**What is expected**
Would you please repeat, word for word, only the lines from the one holding "A police water" through the one holding "4 in1 wireless" in the material below, without the pictures?

**Dataset entries**
————————

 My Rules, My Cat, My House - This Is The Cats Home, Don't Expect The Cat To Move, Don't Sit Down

————————

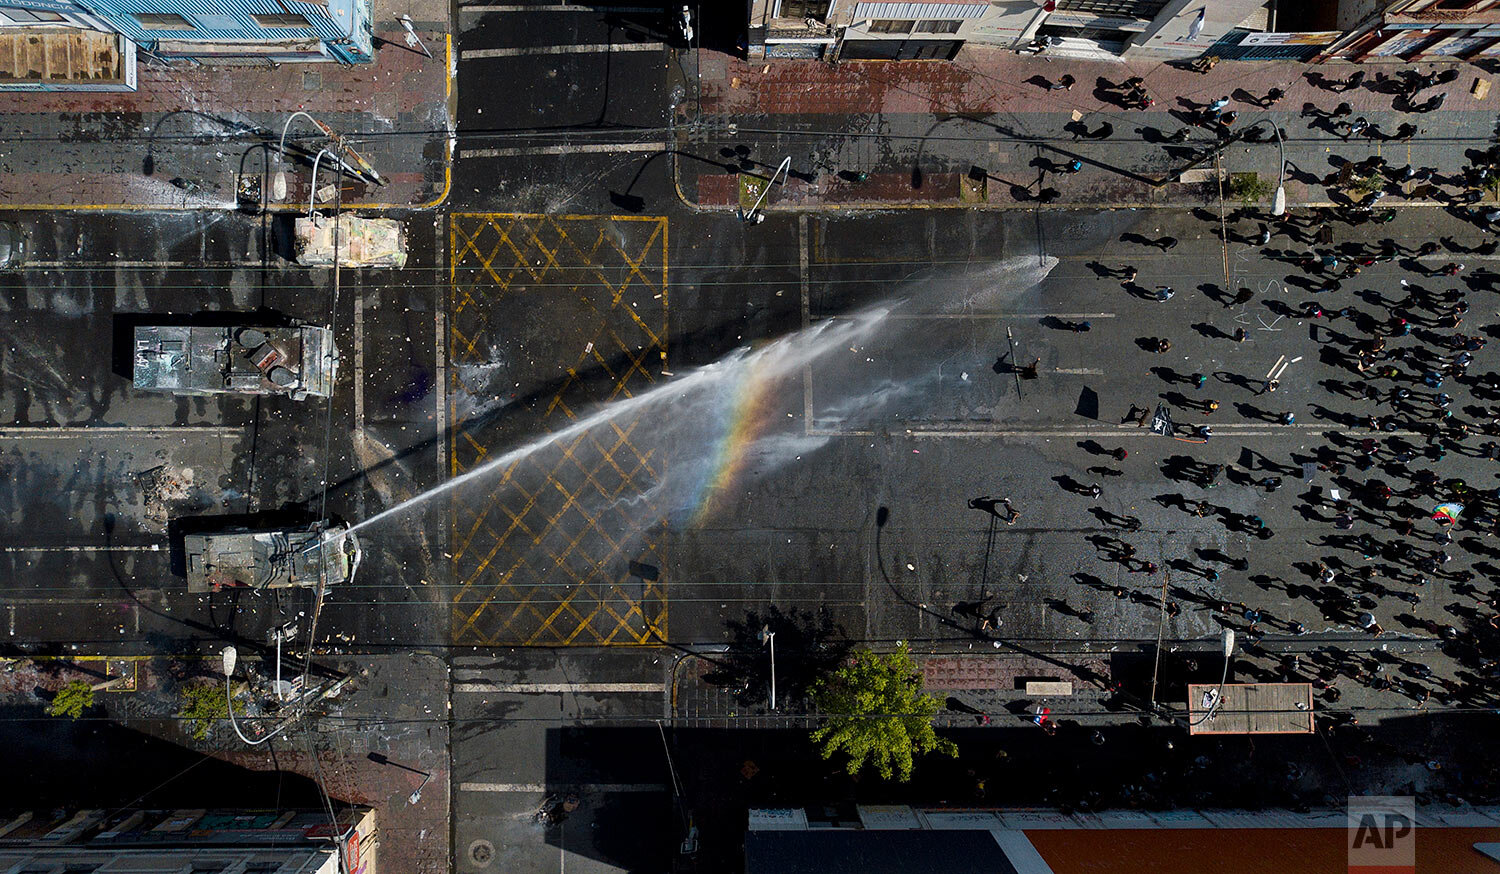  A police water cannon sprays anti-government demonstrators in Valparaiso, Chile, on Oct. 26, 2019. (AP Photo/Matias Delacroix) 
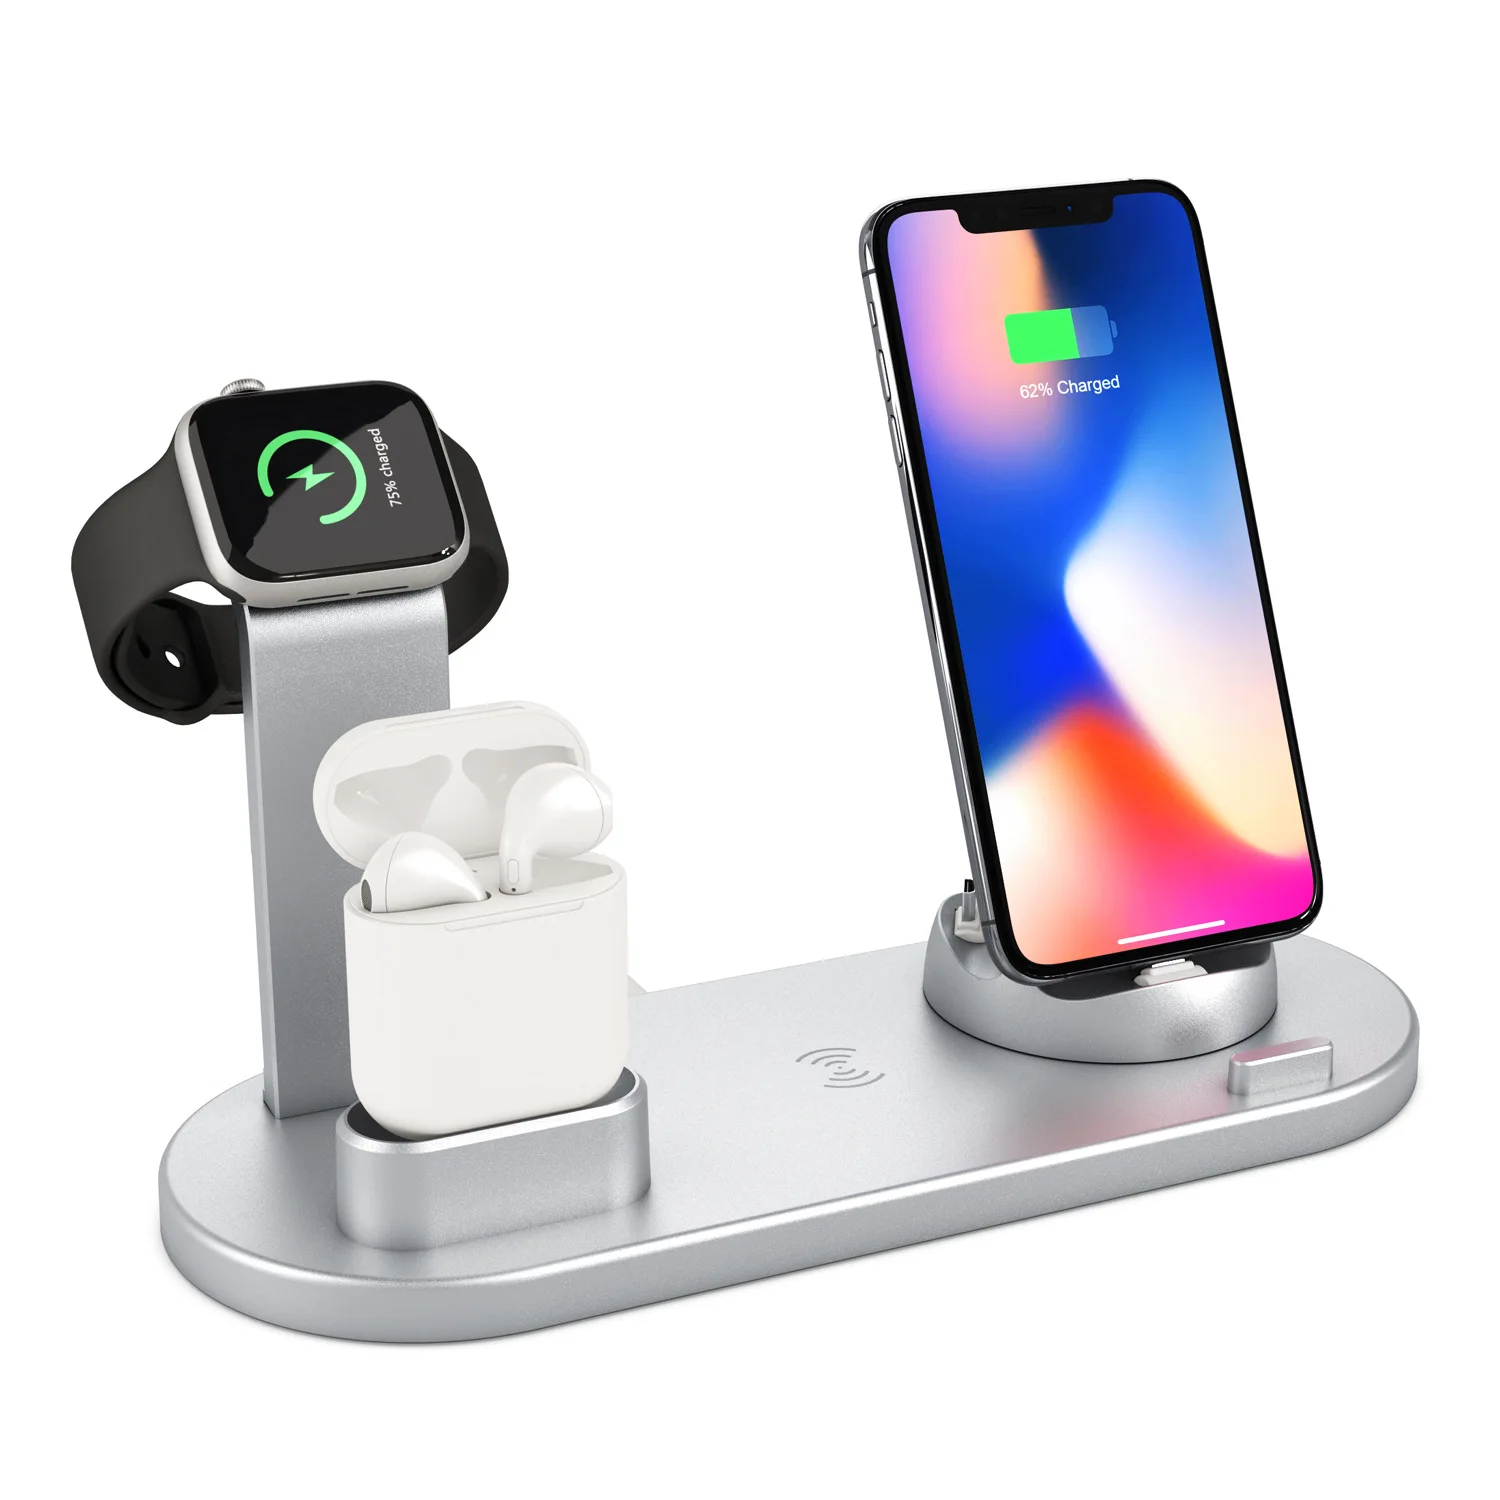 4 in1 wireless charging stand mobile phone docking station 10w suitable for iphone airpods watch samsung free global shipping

————————

**Result for this task**
  A police water cannon sprays anti-government demonstrators in Valparaiso, Chile, on Oct. 26, 2019. (AP Photo/Matias Delacroix) 
 4 in1 wireless charging stand mobile phone docking station 10w suitable for iphone airpods watch samsung free global shipping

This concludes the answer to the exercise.